After Lois and Clark ended, Dean Cain had pretty much conquered television, doing as much or more than any actor could ever hope to do on the small screen. Having done so, he turned his attention to the direct-to-DVD market, to take it over in a similar way. What happened instead was Boa, a film about a giant snake in Antarctica. A Top Nine list is just stupid, so consider Boa filler.
9. Anacondas: The Hunt For the Blood Orchid
It should really be called, Hunt For a Snake Orgy, because after seeing that trailer in the theater, that's all I could think about. "You mean there's some kind of snake orgy in the jungle?" That's the line. We've all seen some pretty weird stuff on the information superhighway (AKA the Internet), but before Blood Orchid, could any of us claim to have seen a writhing ball of snakes nooking on each other? No, no we could not. Thank you, Anacondas: The Hunt For the Blood Orchid. You are nothing if not educational.
8. Conan the Barbarian
The giant snake that Arnold wrestles (homoerotic imagery, anyone?) is only the second scariest thing about this movie. The first scariest is James Earl Jones' haircut. He looks like Bettie Page, and that is frightening beyond belief. Conan isn't fully about snakes, but the scene with the giant serpent is so striking we had to put it on the list. Next up: Top Ten Scariest Movie Haircuts. Joe Dirt, we're comin' for ya!
7. Boogie Nights
I mean, that thing is enormous.
6. Boa vs. Python
It may be difficult for some to get past the fact that former Playmate Angel Boris spends the early portion of this movie wandering around topless. Once you do get past the nudity, though, you'll realize there is even more to this kick-ass movie. Not one, but two, enormous snakes are set loose… the first escapes and the second is sent in to attack it. Brilliant! Even more brilliant is the fact that when they get together, they screw snake-style. What is it about snake sex that's so damn alluring?
5. Python
Yes, Jenny McCarthy is in this movie. Yes, Wil Wheaton is in this movie. Yes, it is the #5 snake movie of all time. If you've seen a SCI FI Channel Original movie recently, you know exactly what you're in for: an enormous monster of a snake on a rampage to spill human blood. Just rent it.
4. King Kong (1933)
The T-Rex fight from Peter Jackson's Kong update was cool, but nothing really beats Kong duking it out with a snake in the 1933 joint. For one thing, the serpent was as big as Kong. For another, it had the sack to attack a giant ape. Go Skull Island Snake! You don't get nearly enough props.
3. Snakes on a Plane
On hype alone, we are declaring this the #3 snake movie of all time. Even if it is a steaming pile of festering reptile leavings, it has garnered more attention than any snake-related film in history. Also, it has Samuel L. Jackson going for it, and 300+ species of snakes, and a plane. If there was also a snake orgy in this movie, it might have made #2.

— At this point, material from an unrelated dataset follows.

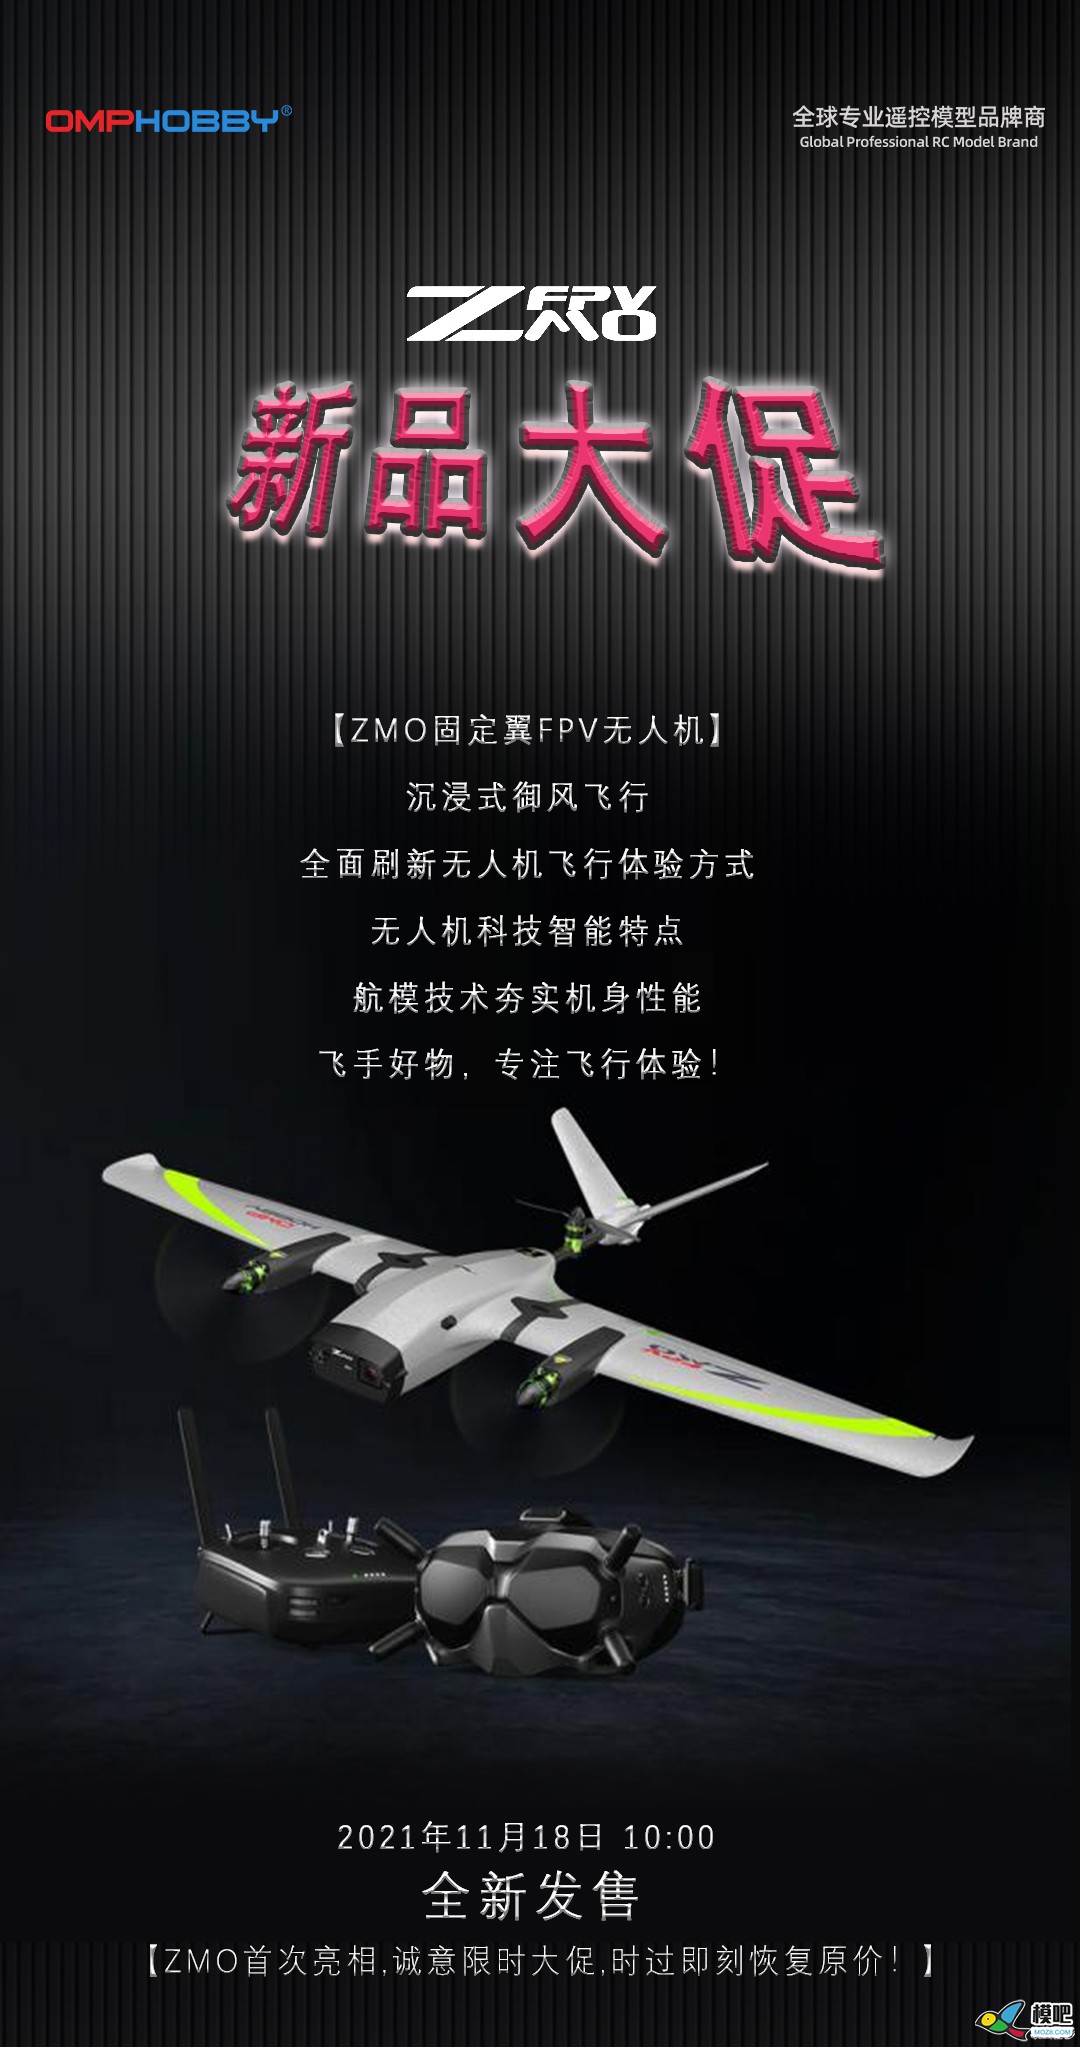 潮玩无人机-垂起固定翼FPV【ZMO】| 全新发售 无人机,航模,固定翼,飞手,飞行体验 作者:边锋领域 2658

2. Raiders of the Lost Ark
Raiders is another entry that isn't a full movie about snakes, but the scene involving Indy and the cobras is so amazing, it makes up for the fact that the film isn't named Raiders of the Deadliest Effin' Snakes on the Planet. That is a stupid title, anyway, and it would mean that the film would have less Nazis in it. We all like to see Nazis bite the big one.
1. Anaconda
If you don't like this movie, you're an idiot. The following elements should have gotten it considered for an Academy Award:
1) John Voight's accent.
2) The Ice Cube line, "They got snakes this big?"

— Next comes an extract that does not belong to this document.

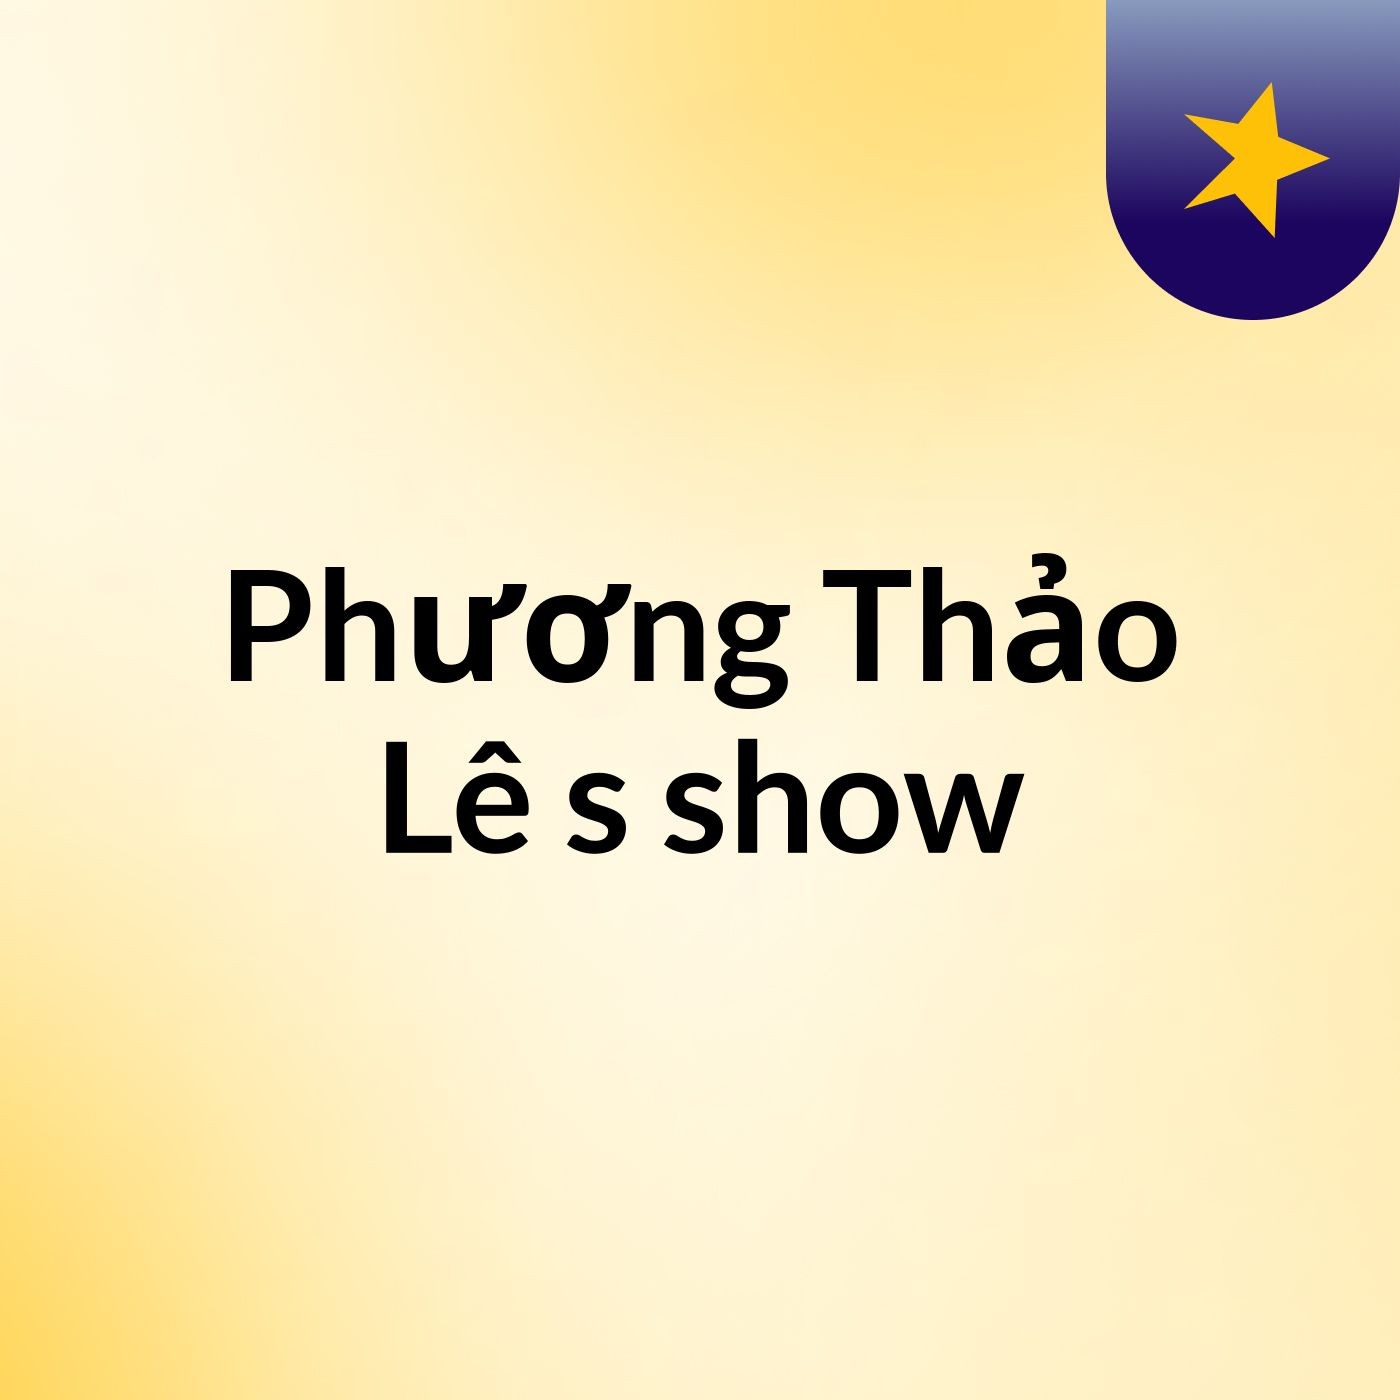 Phương Thảo Lê's show

3) Jennifer Lopez's booty… in its prime.
4) The supporting cast: Owen Wilson, Eric Stoltz, Kari Wuhrer.
5) Freaking Danny Trejo getting smoked first.
6) The final death scene… classic.
Many try to claim that this movie is a guilty pleasure. Eff that ess. This is a solid action movie with a great cast and tight writing. It does exactly what it sets out to do, and is more entertaining than much of the Hollywood claptrap released to the masses.